Wnt subgroup medulloblastomas account for approximately 10 percent of sporadic pediatric cases, are equally distributed between males and females, and typically occur in adolescents and young adults [39]. Wnt tumors are thought to arise from lower rhombic lip progenitors in the dorsal brainstem and generally exhibit classic histology (Figure 1B) [40]. With a very low rate of metastatic spread, it is perhaps unsurprising that 5-year overall survival for Wnt-medulloblastoma exceeds 95 percent, making it the most prognostically favorable molecular subtype of medulloblastoma [41].

Wnt peptides are a collection of highly conserved, lipid-modified glycoproteins which bind to the Frizzled family of transmembrane receptors to transduce intercellular signals upstream of APC and β-catenin. Although first identified as a proto-oncogene in a mouse model of breast cancer, autocrine and paracrine Wnt signaling is critical for embryonic development through regulation of cell migration and proliferation, body axis patterning, and cell fate determination [42]. Noncanonical Wnt pathways involved in planar cell polarity and calcium homeostasis have also been identified, but these networks operate independent of APC and β-catenin and are not involved in oncogenesis.
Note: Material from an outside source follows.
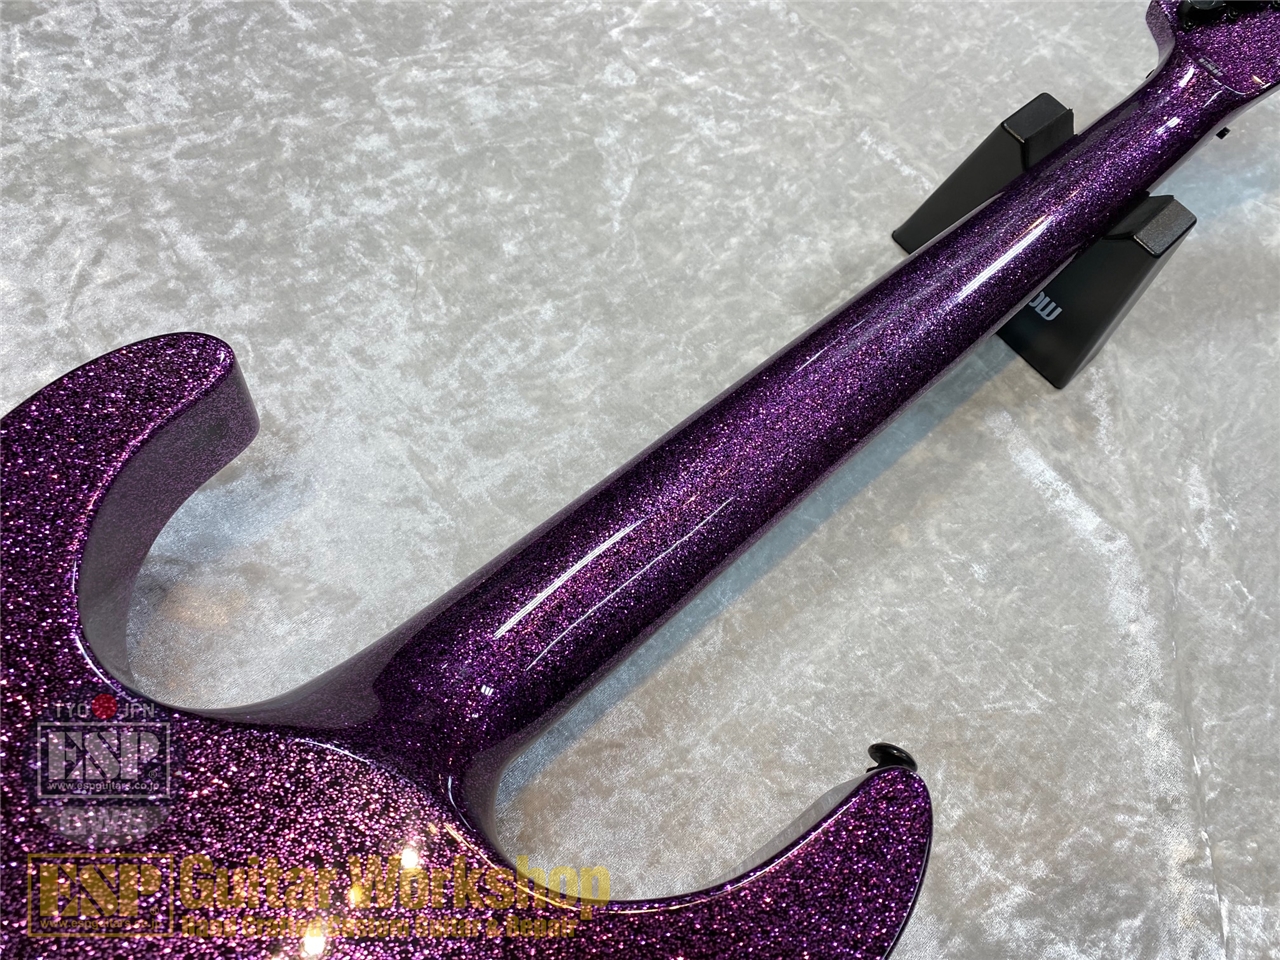 【即納可能】LTD KH-602 Purple Sparkle Kirk Hammett Signature Model (カーク・ハメット シグネイチャーモデル) GWS

In contrast, deregulation of the canonical Wnt pathway is associated with diverse malignancies, including skin, breast, lung, esophageal, colorectal, prostate, ovarian, and brain cancer [36]. With respect to the pathogenesis of medulloblastoma, alterations in Wnt signaling that promote stabilization and nuclear localization of β-catenin are common to both syndromic and sporadic tumors. In particular, somatic mutations of CTNNB1, the gene that encodes β-catenin, and loss of chromosome 6 are present in the majority of sporadic Wnt-medulloblastomas. As such, β-catenin immunohistochemistry has become a routine component of pathological analysis following resection of medulloblastoma (Figure 1F).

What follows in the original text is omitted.